Мама ей много рассказывала, как уплотняли до войны и после. Мама до барака дважды жила в проходных комнатах по уплотнению. Замуж там выходила. У них с мужем первая ночь, а мимо соседи шасть-шасть. «Я потом людям в глаза смотреть не могла». Это мать. А она, Тоня, была не на стороне матери, а на стороне соседей. На самом деле! Проходишь мимо, а тут такое… Хотя, если быть справедливой, она в результате этого получилась, но все равно, могли бы родители – царство небесное им – и поаккуратней. Это все к вопросу об уплотнении. Барак в материной жизни оказался прогрессом! Отдельная комната, пусть в общем коридоре. Конечно, тут слово. Барак. Но это мы уже заелись. Это нам дай, дай, дай! А на самом деле – прогресс. Комната была большая, двадцать метров, два окна. Печка. Топка из коридора. Удобства потом приделали, но стало хуже. Когда бегали во двор, воздух в бараке был здоровее.
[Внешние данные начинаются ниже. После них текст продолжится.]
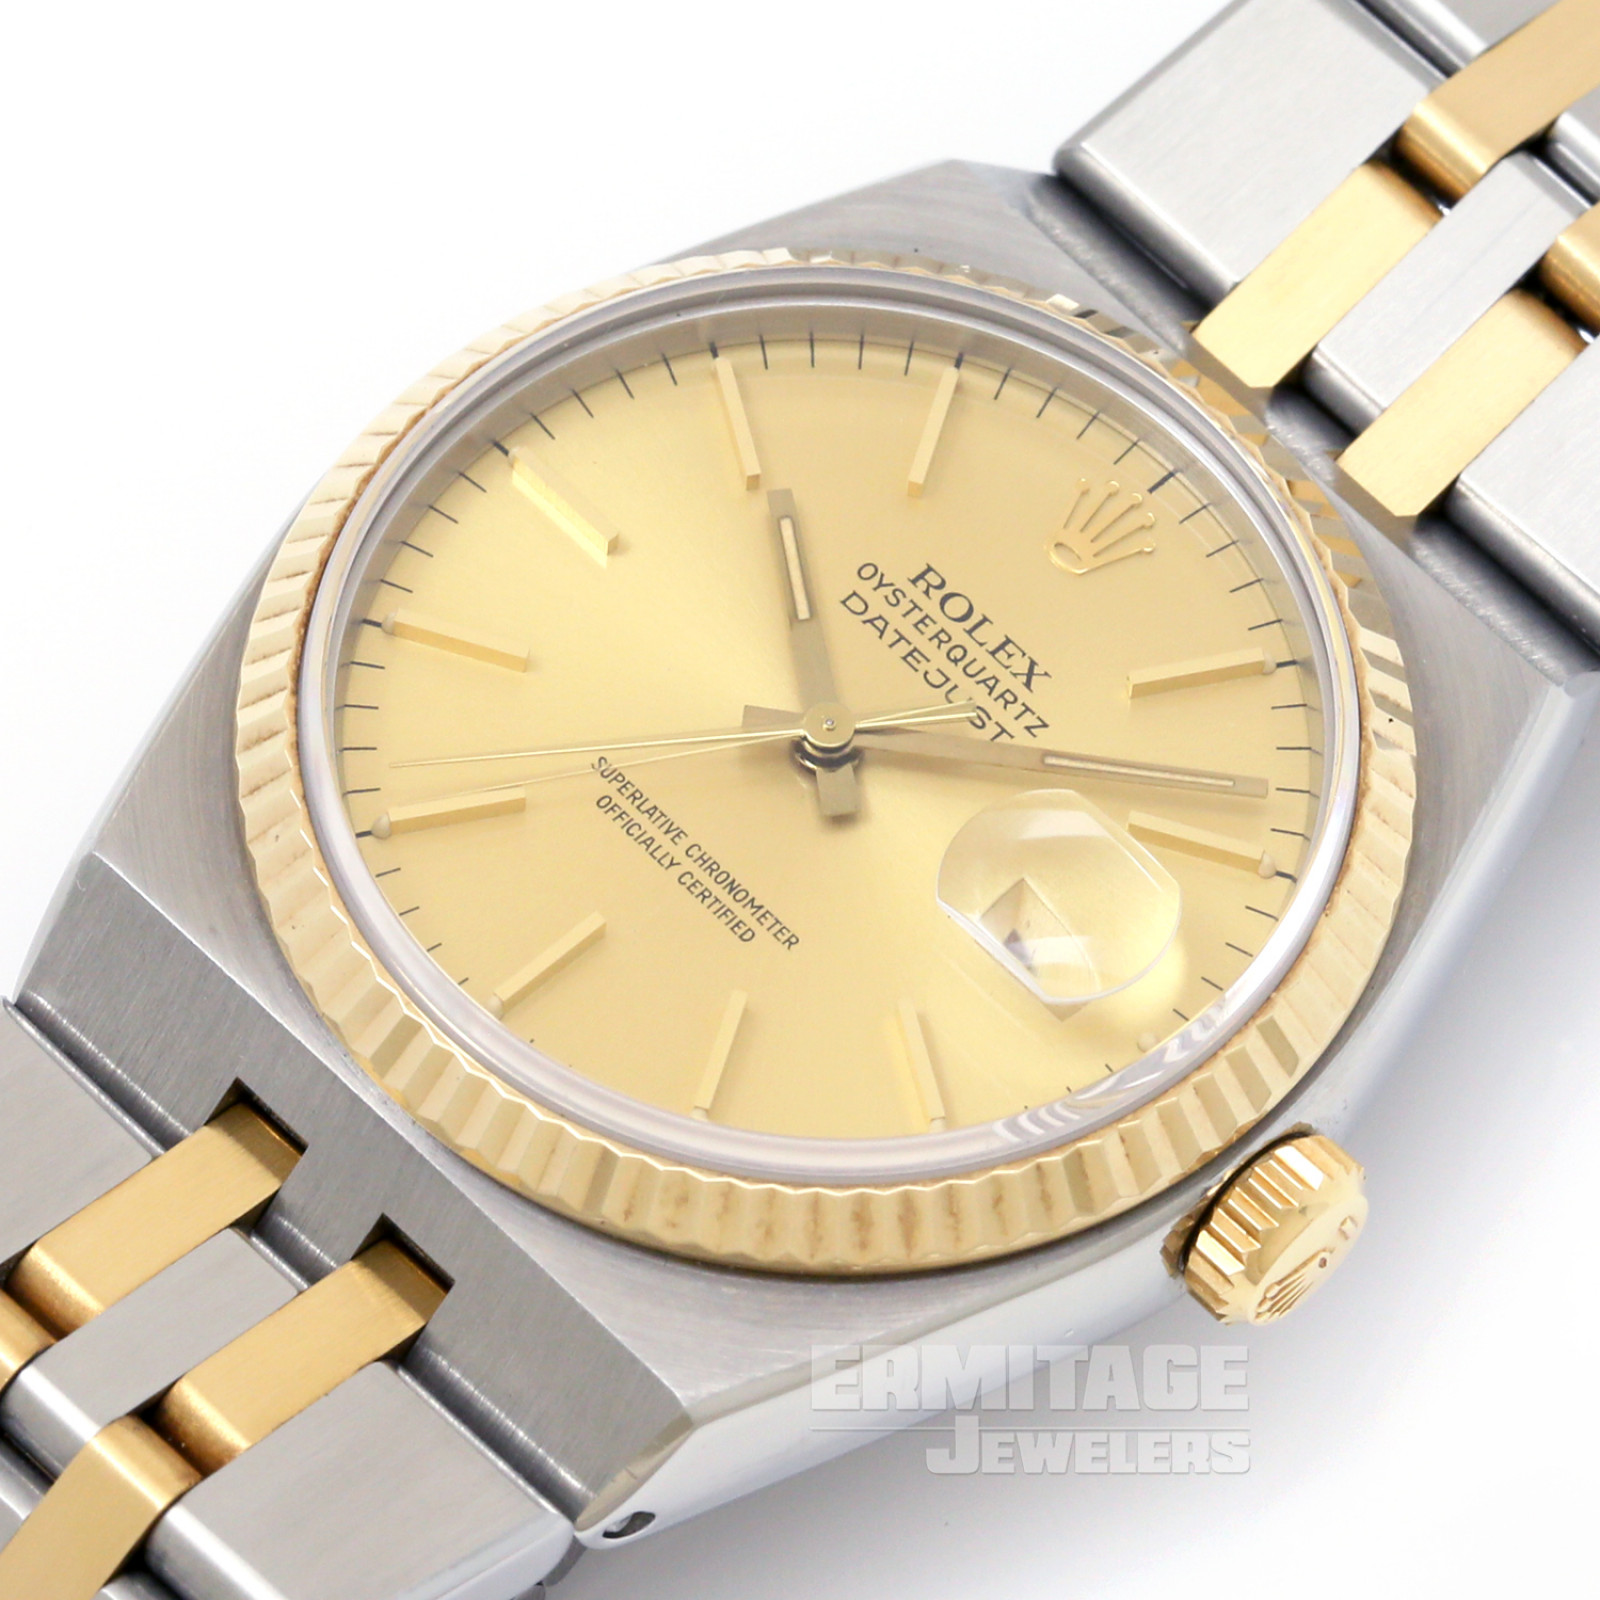 Pre-Owned Rolex Datejust Oysterquartz 17013 Stainless Steel, 18kt Yellow Gold & Stainless Steel 36 mm Gold Index

Потому что люди разные, и не каждый имеет привычку за собой сдернуть. Есть такие, что не считают нужным. Тут, если отвлечься, многое можно рассказать о народе, но Тоня это не любит. Тоня радуется жизни. И своей личной удаче. Вот живет же как кум королю. Дочка ей сказала: «Я постараюсь получить свое». Она у нее в интернате всю жизнь. Сейчас кончает школу. Девочка развитая, уже член райкома комсомола. Знамя всегда выносит. Голос у нее густой такой, торжественный. Вообще девочка оригинальная. Так главврач говорит: «Девочка у вас оригинальная».